▶ Data segment
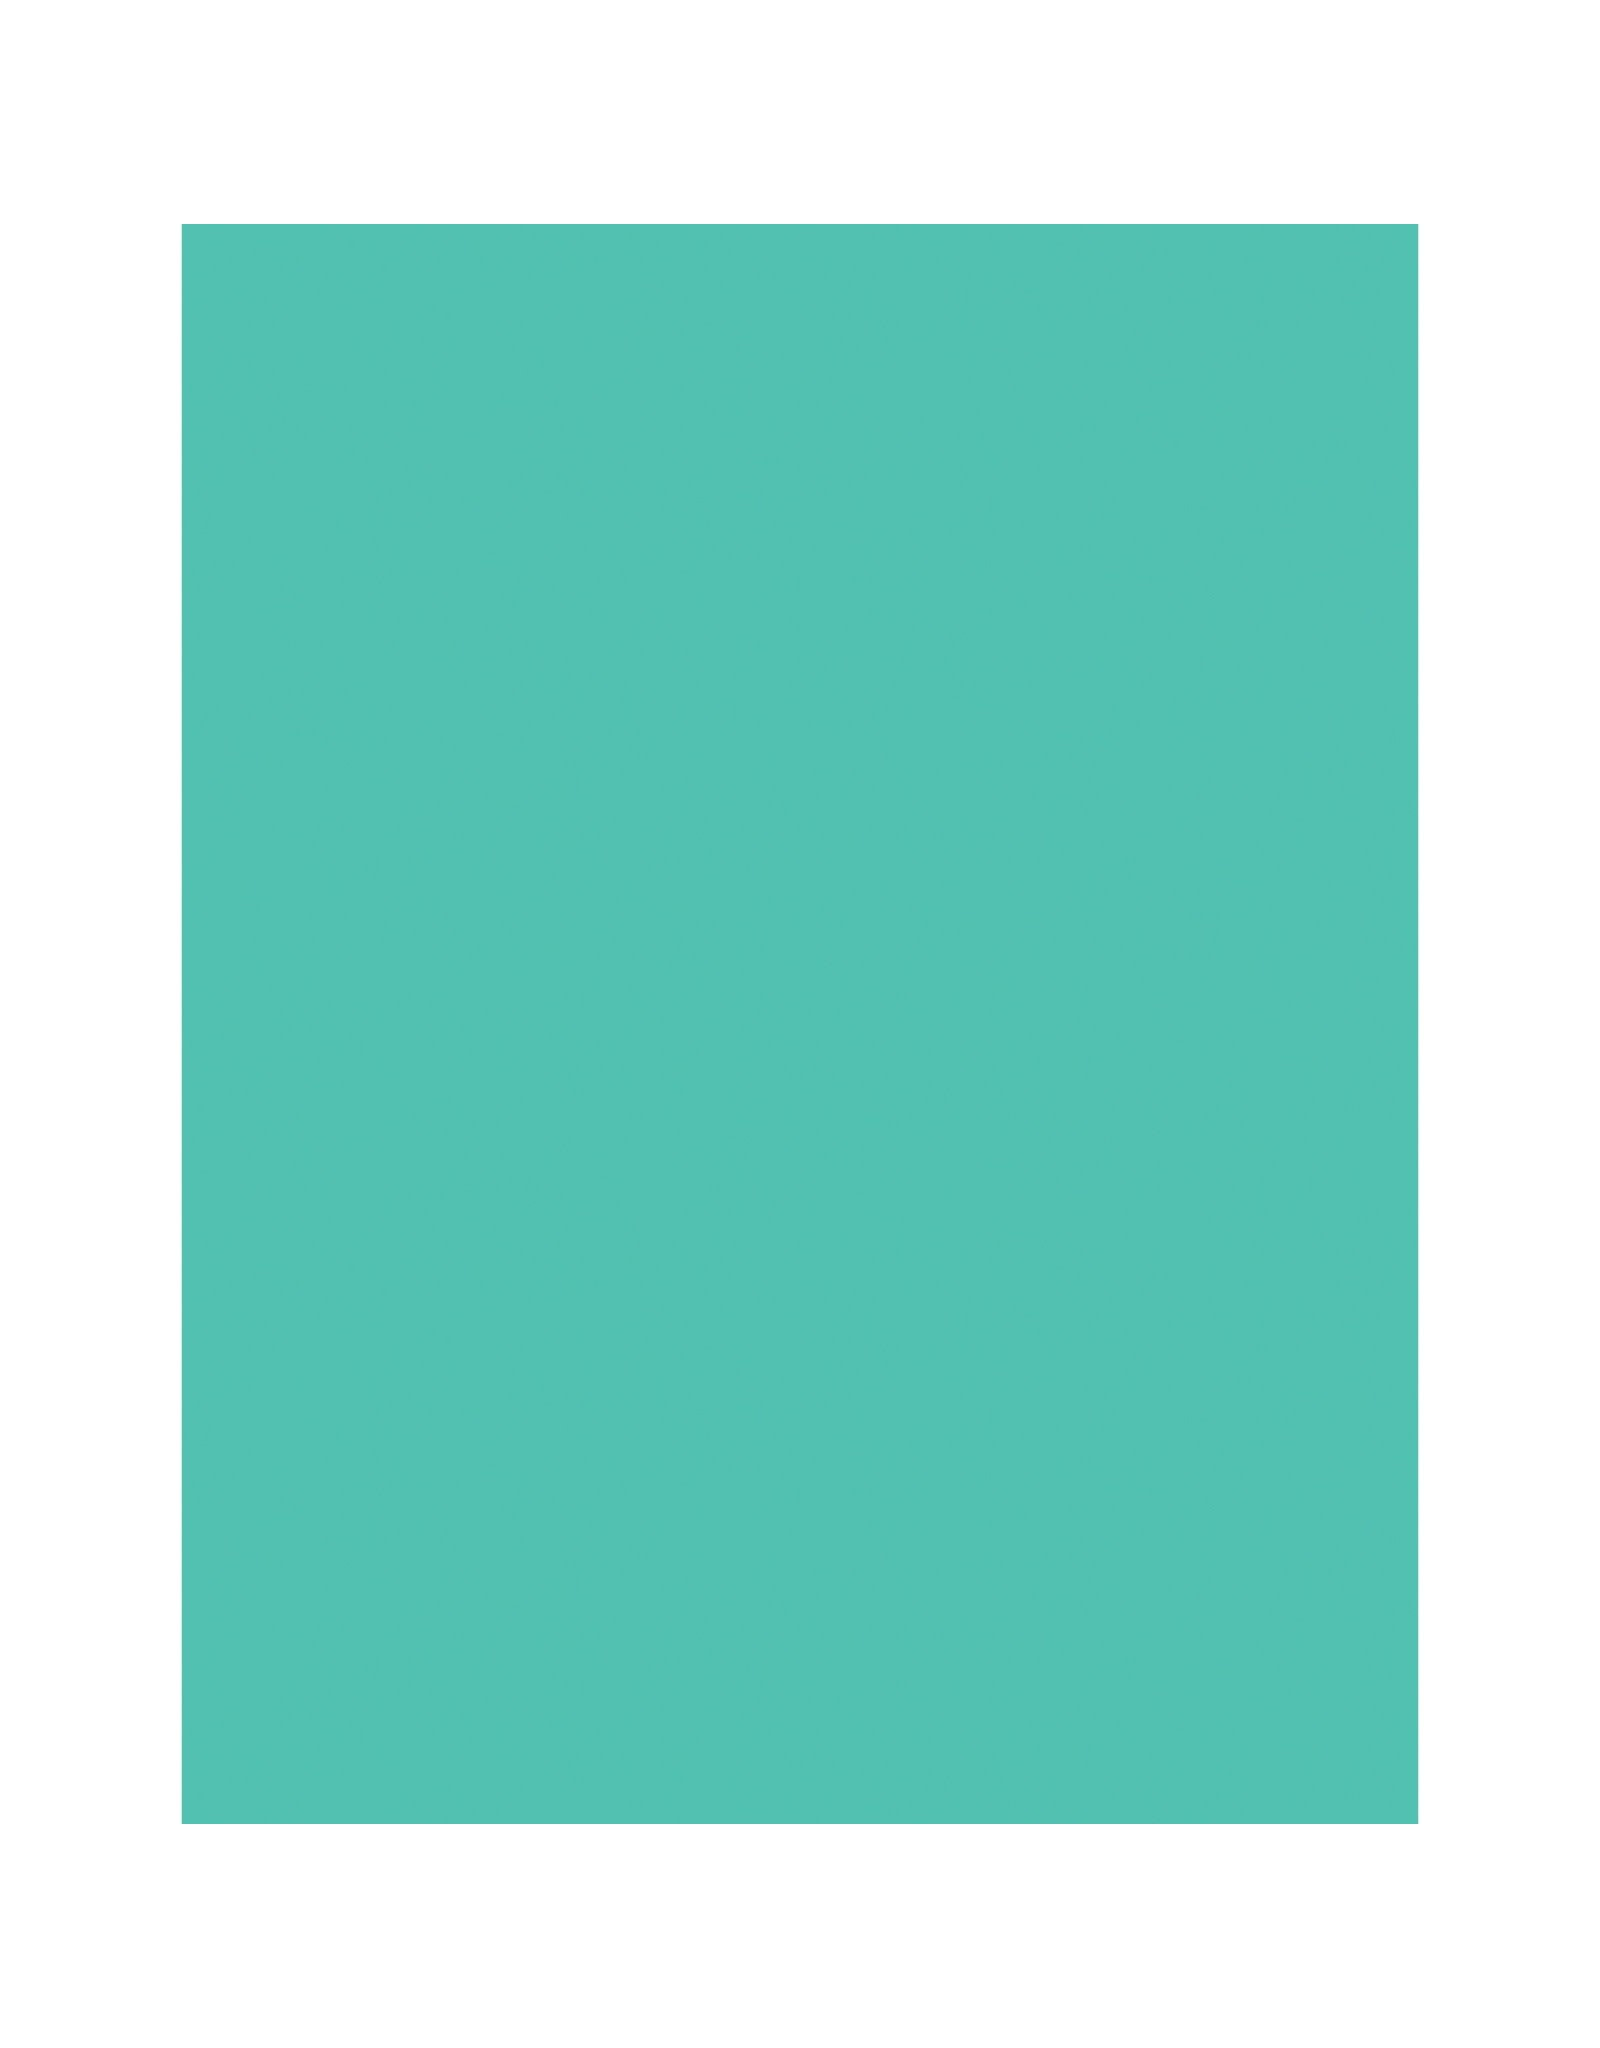 Bazzill Bazzill Card Shoppe 8.5x11 - Mint Julep
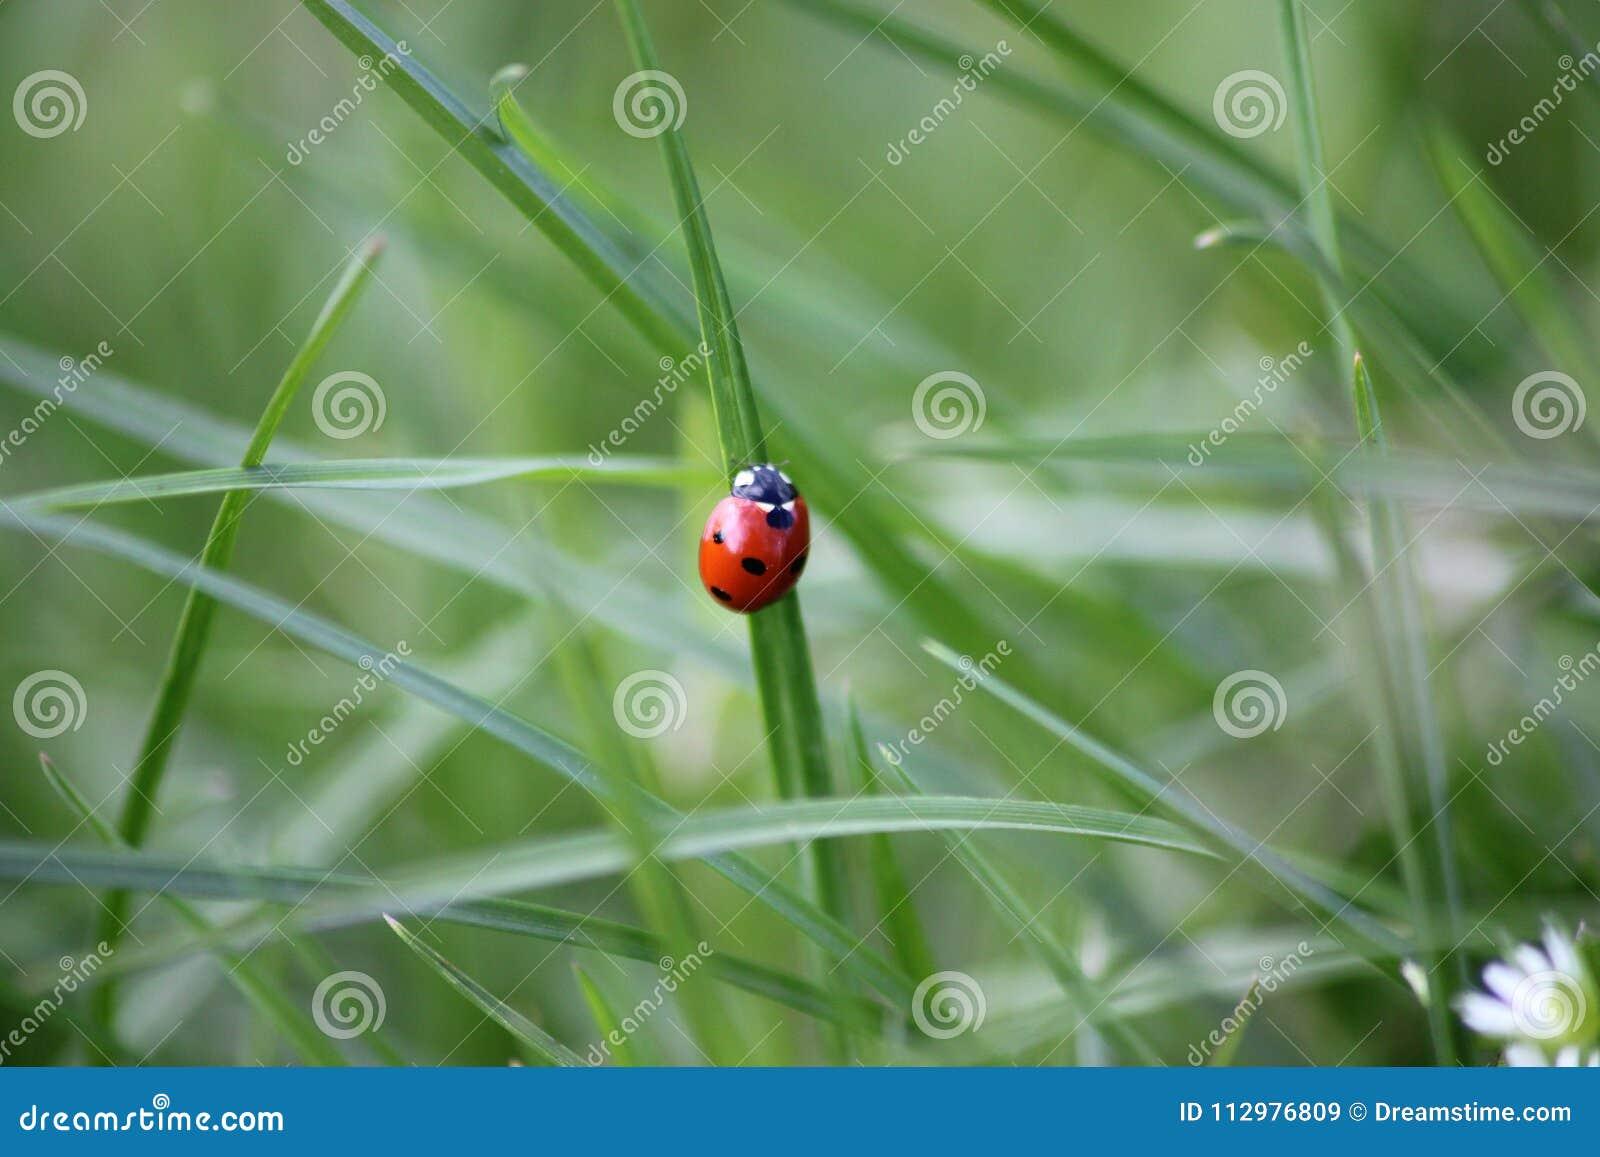 Ladybug on a green field
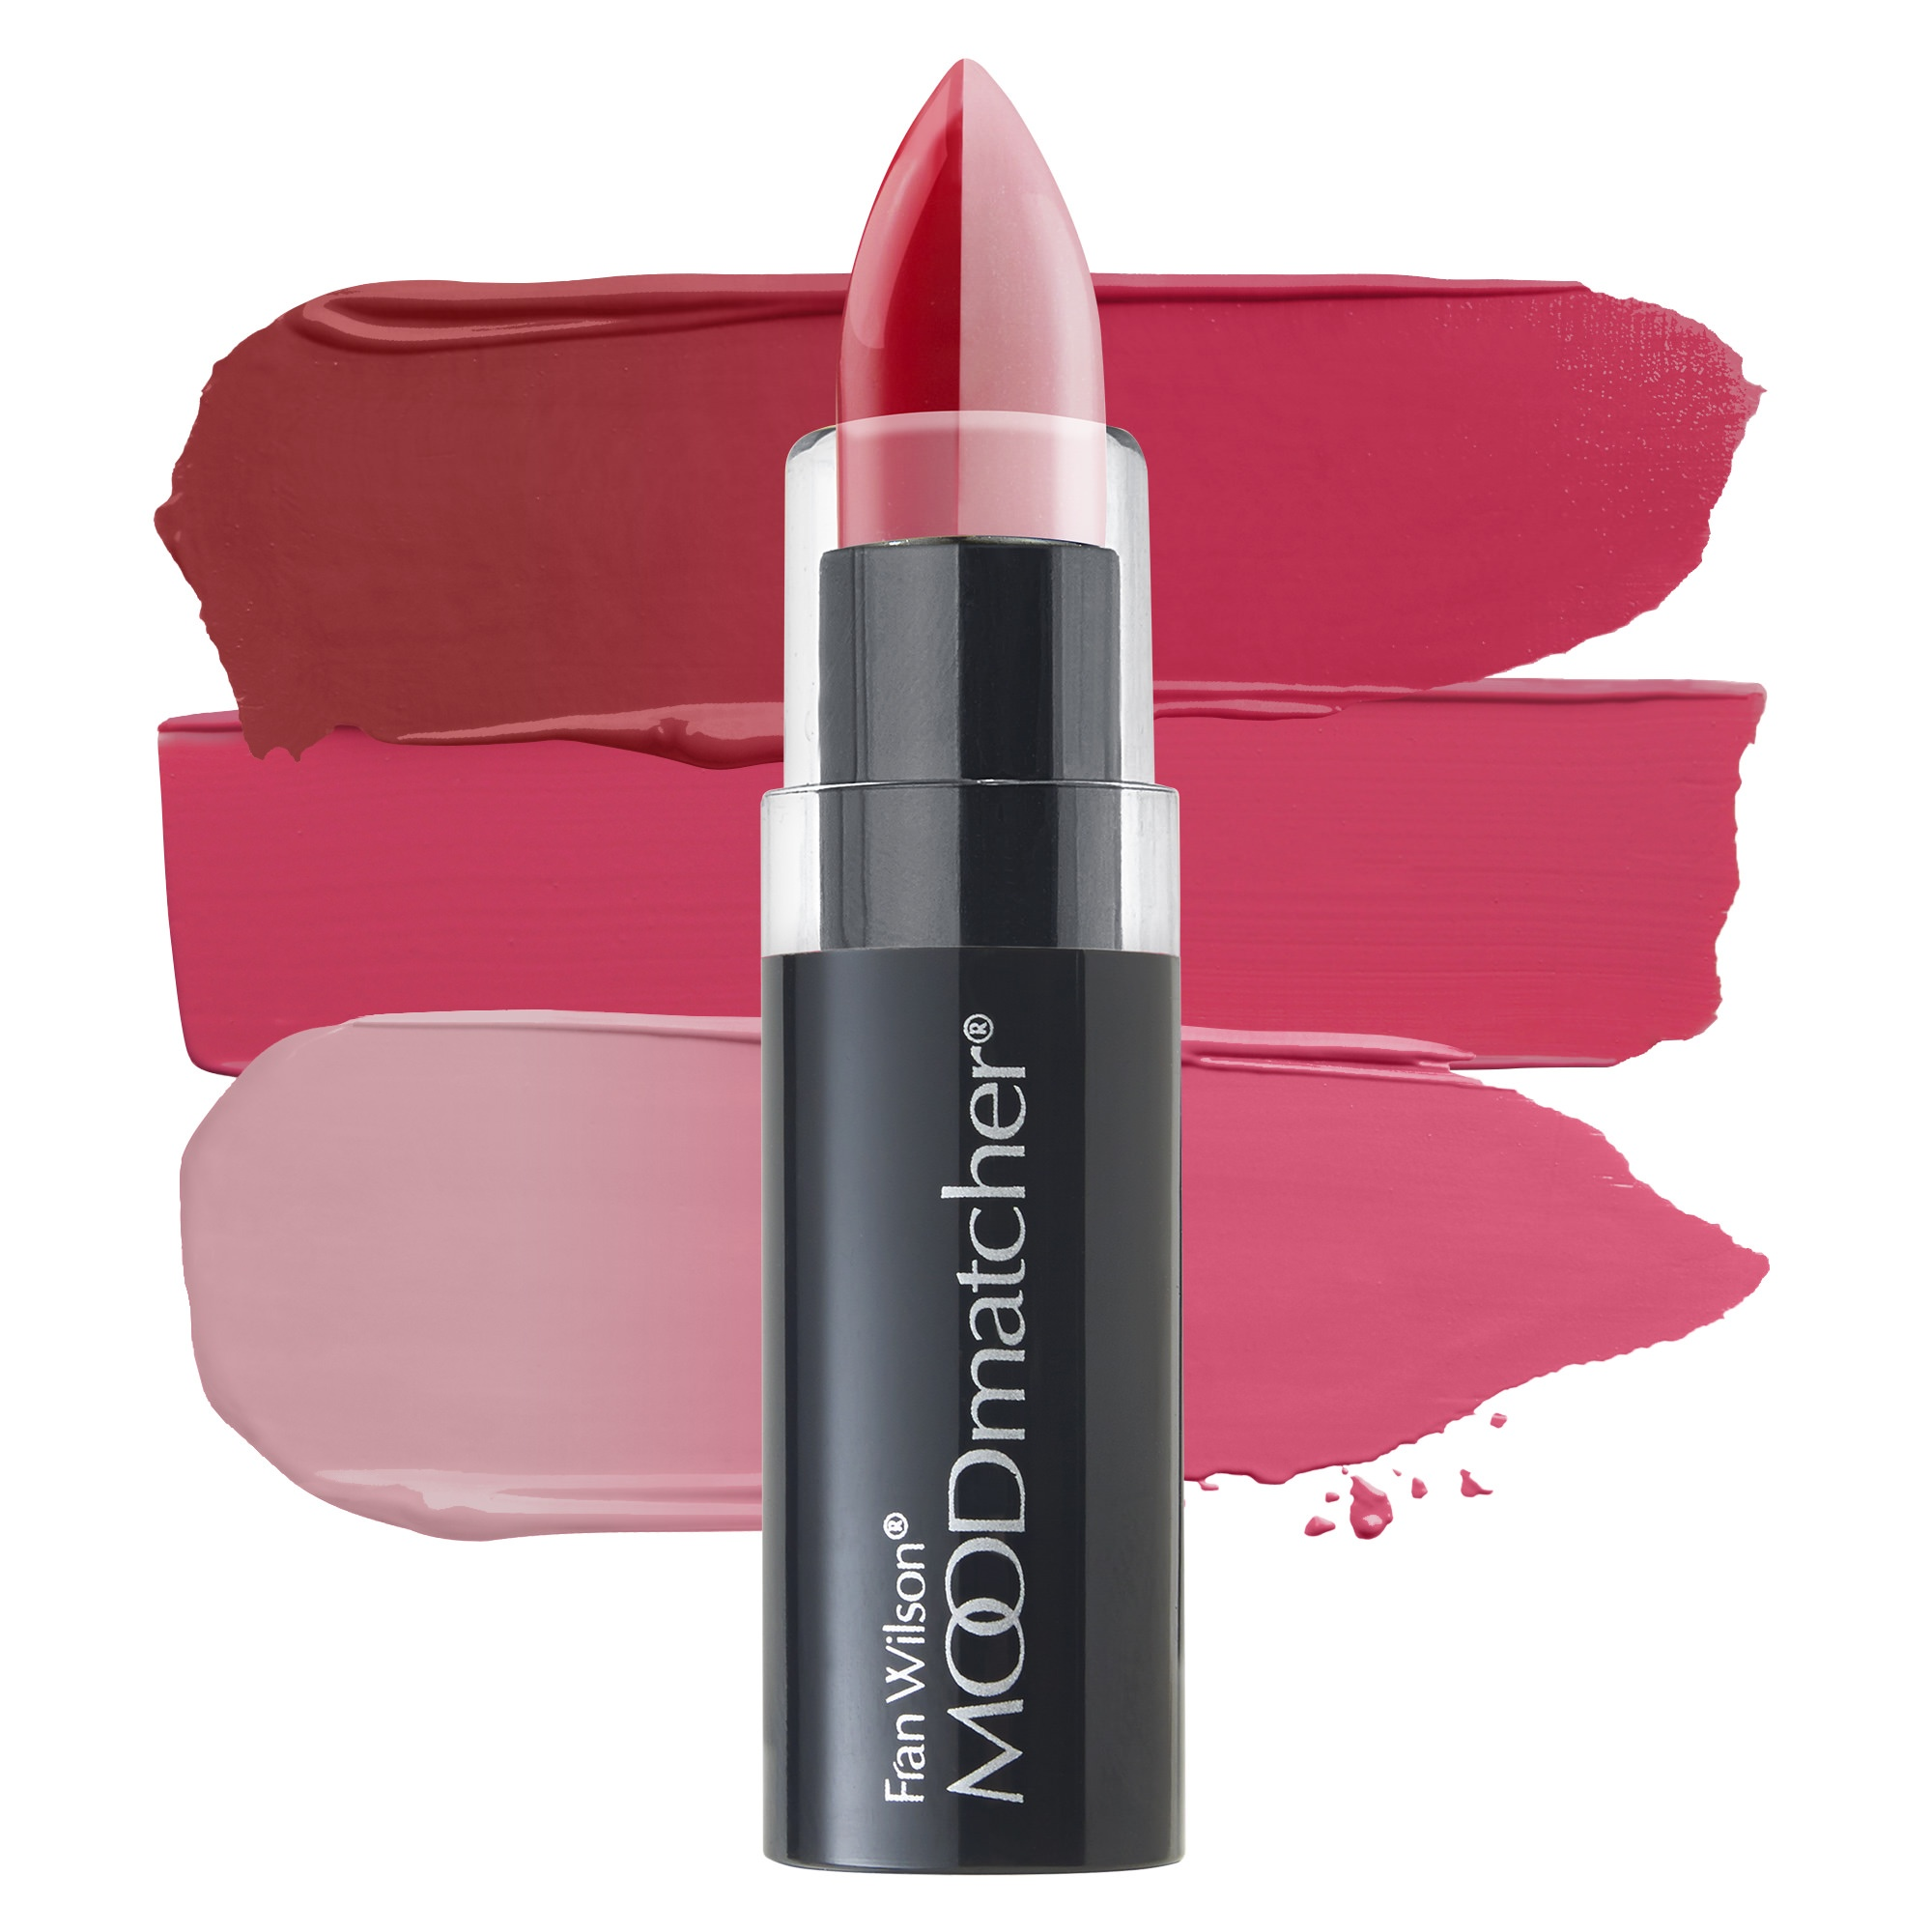 Moodmatcher Lipstick Beauty Buy Online From Liquid Matte Just Blush

▶ What needs to be done
Omit pictures; set down the rest of the material word for word.

▶ Written answer
 Bazzill Bazzill Card Shoppe 8.5x11 - Mint Julep
 Ladybug on a green field
 Moodmatcher Lipstick Beauty Buy Online From Liquid Matte Just Blush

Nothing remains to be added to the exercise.